▶ _What you will do_
Only the pictures are dropped. Restate each line below word for word.

▶ _Collected data_
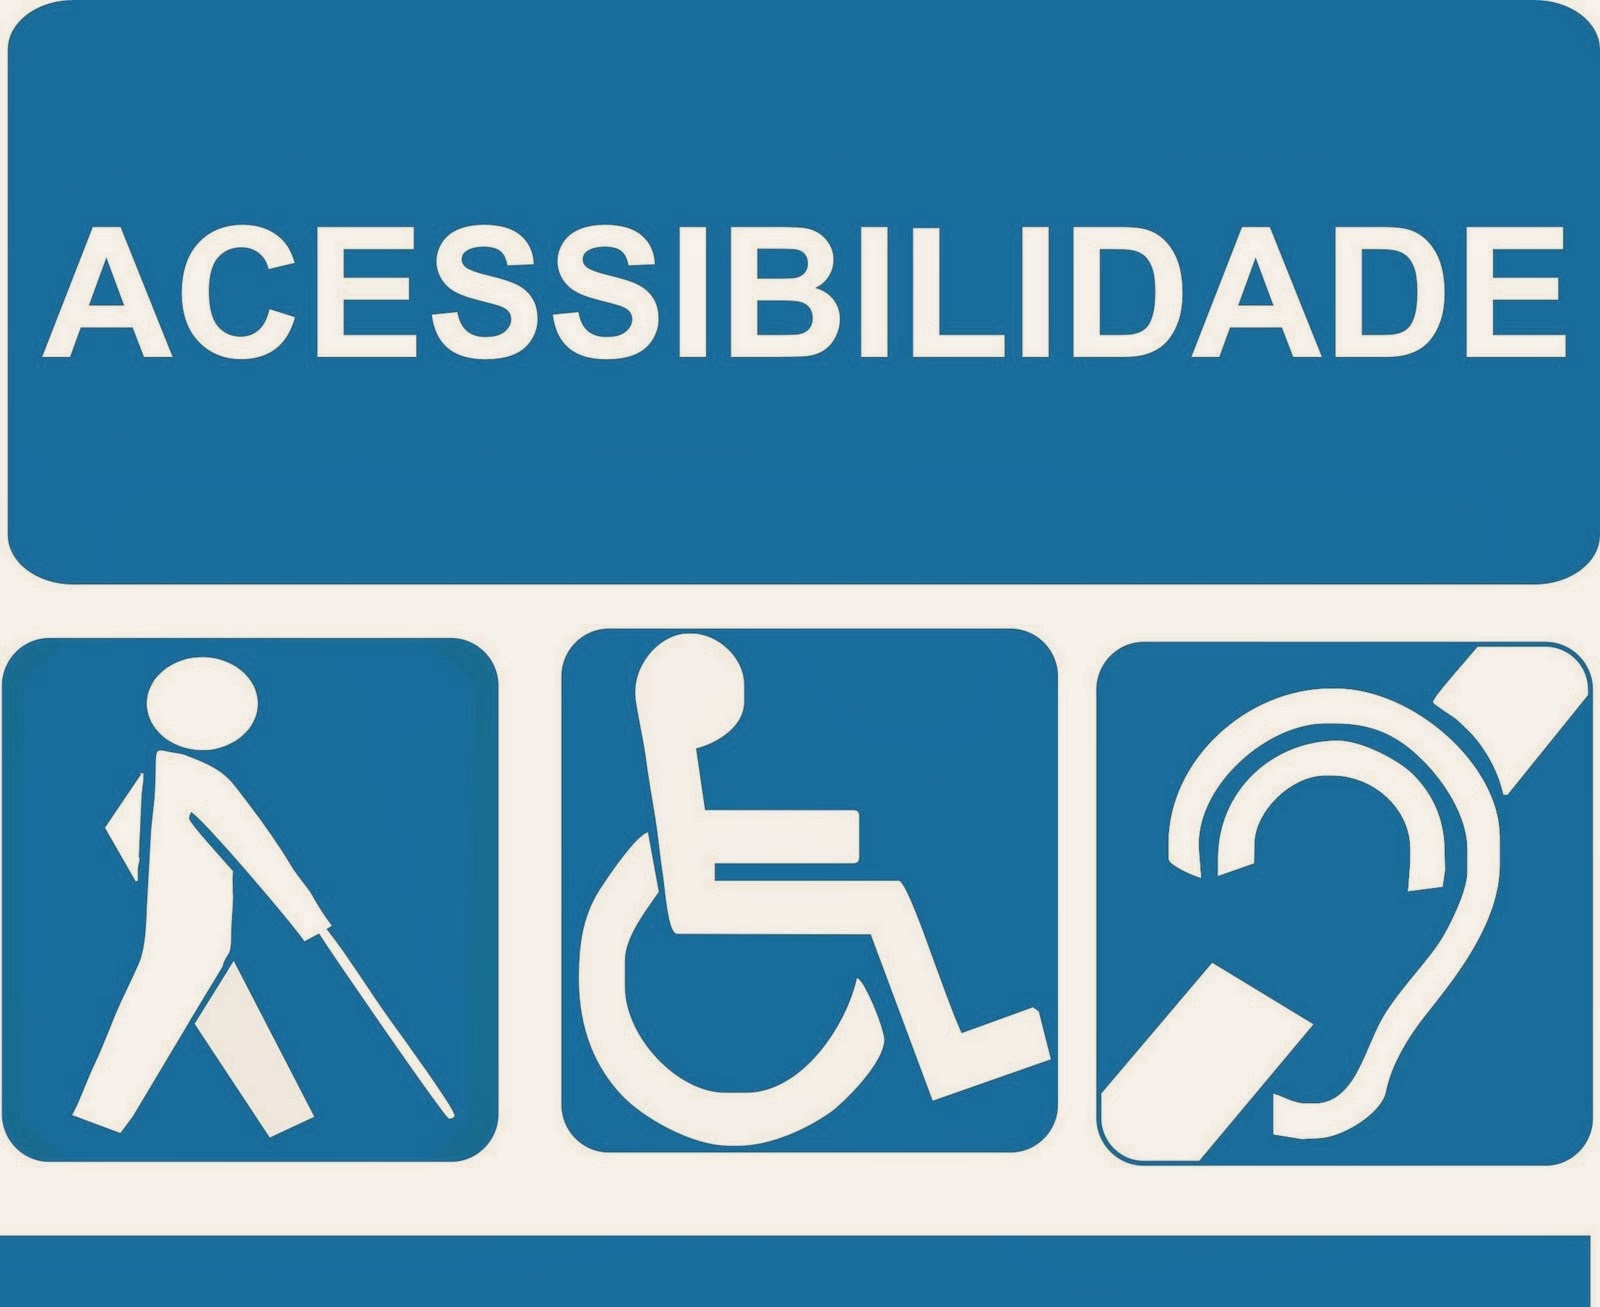 Pessoas com Deficiência: Inclusão e Acessibilidade fazem parte da agenda permanente do SMC
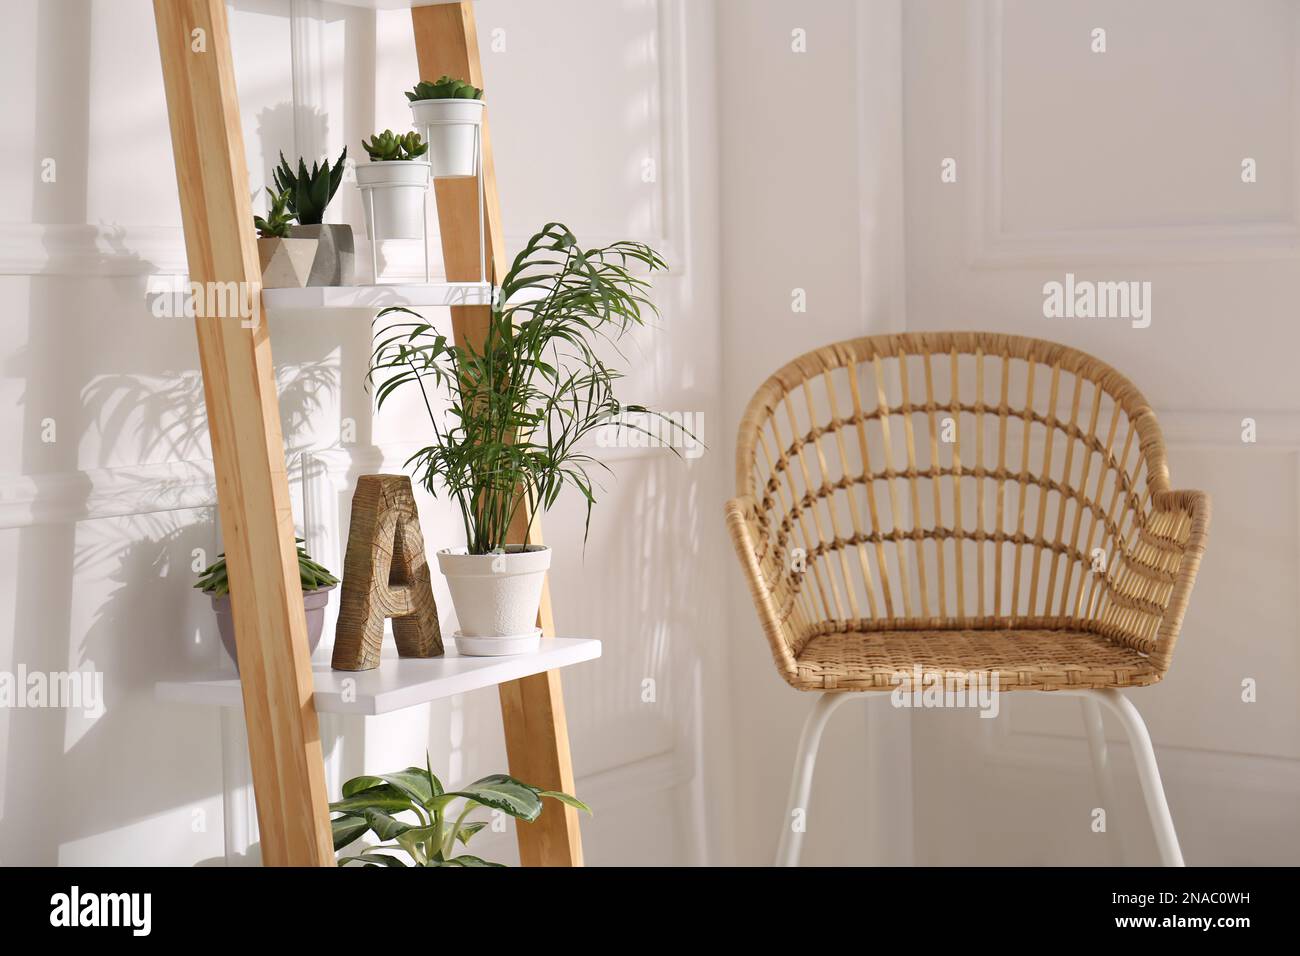 https://c8.alamy.com/compes/2nac0wh/elegante-escalera-decorativa-con-plantas-de-interior-y-silla-en-sala-de-luz-2nac0wh.jpg
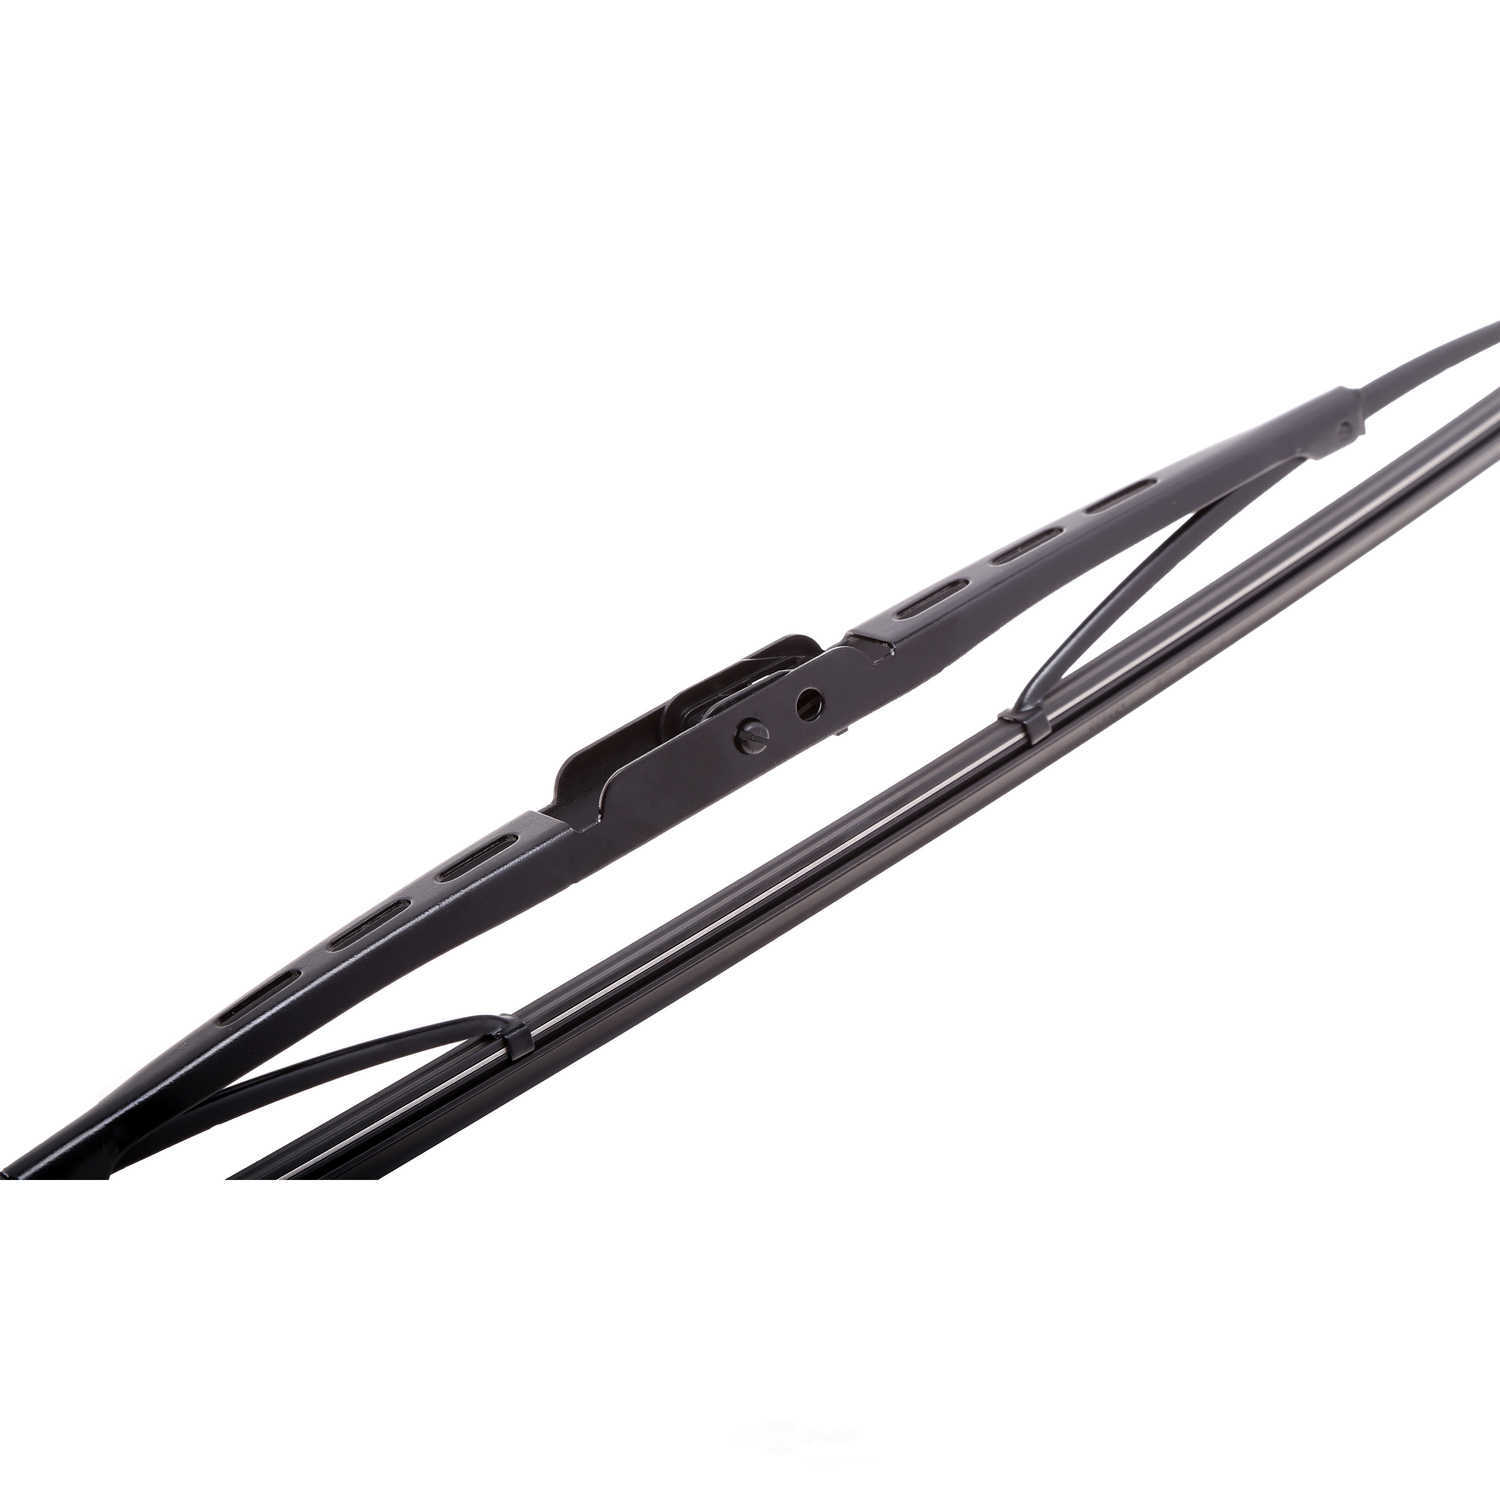 ANCO WIPER PRODUCTS - ANCO 97-Series Wiper Blade - ANC 97-16
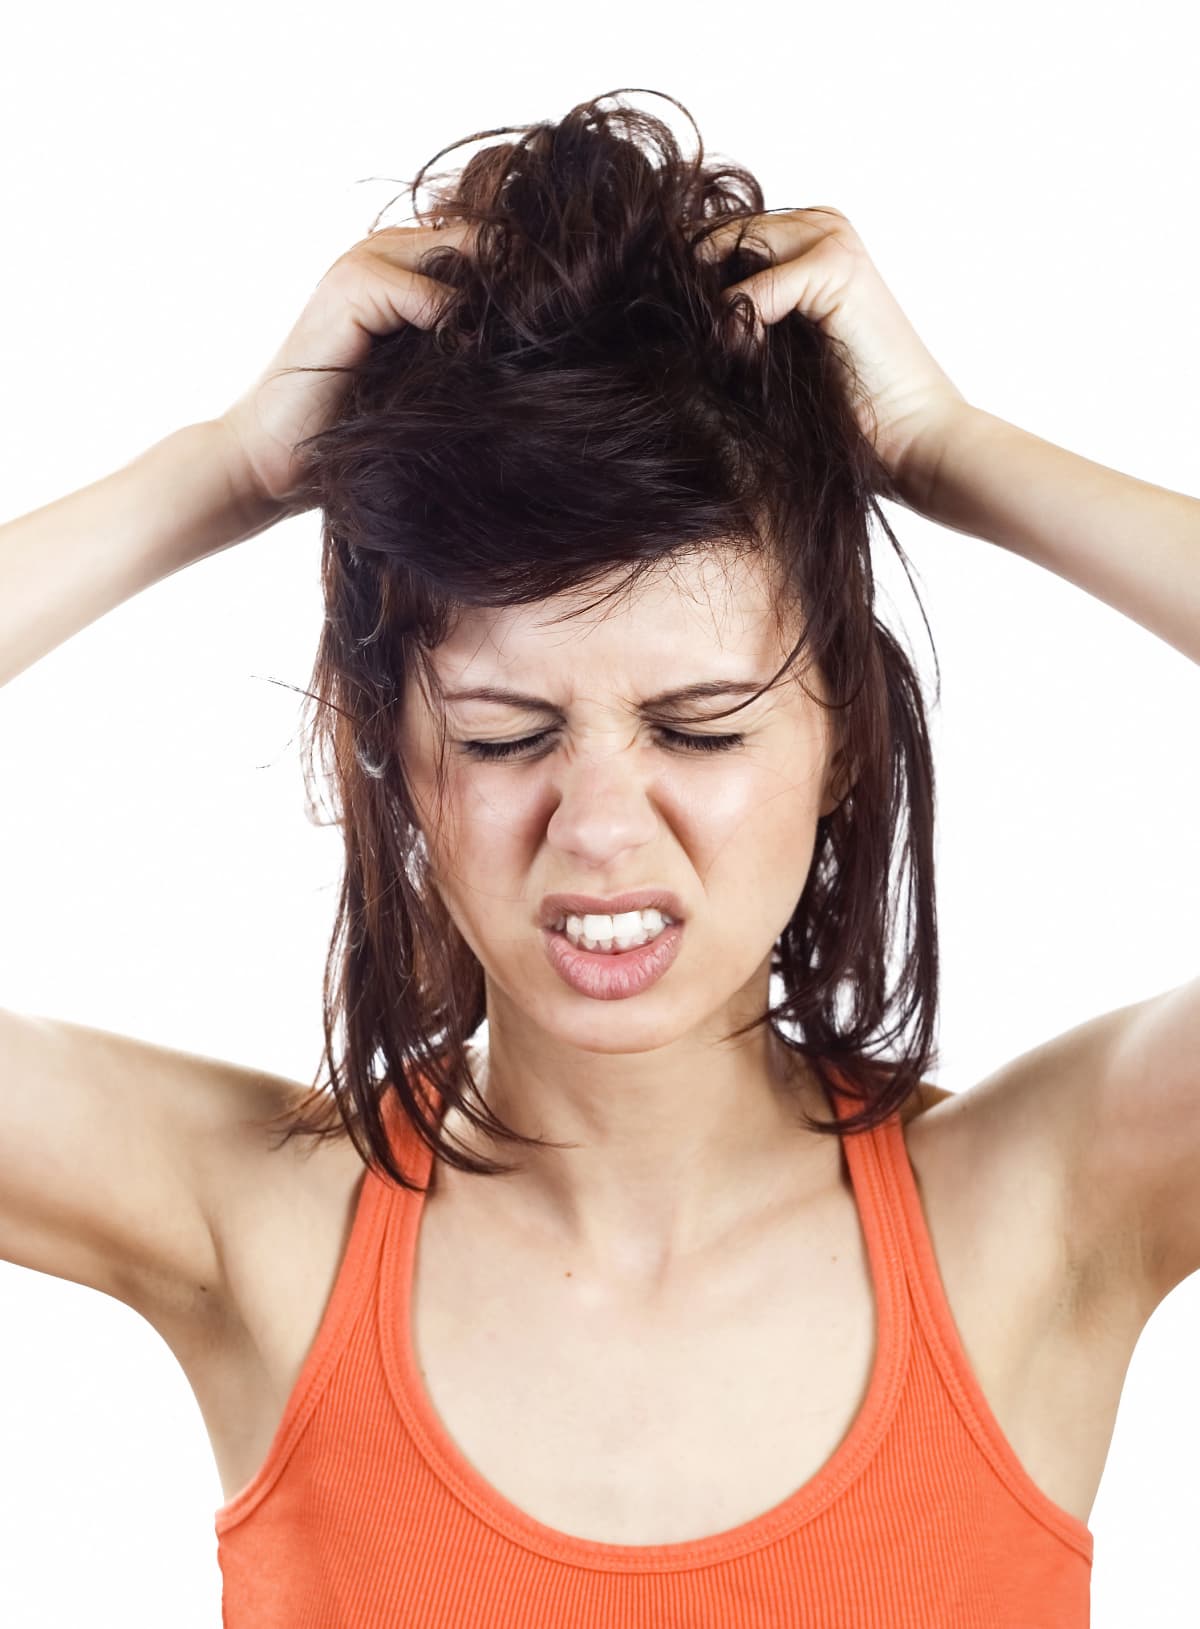 a woman scratching her scalp

▶ _Written response_
 Pessoas com Deficiência: Inclusão e Acessibilidade fazem parte da agenda permanente do SMC
 https://c8.alamy.com/compes/2nac0wh/elegante-escalera-decorativa-con-plantas-de-interior-y-silla-en-sala-de-luz-2nac0wh.jpg
 ANCO WIPER PRODUCTS - ANCO 97-Series Wiper Blade - ANC 97-16
 a woman scratching her scalp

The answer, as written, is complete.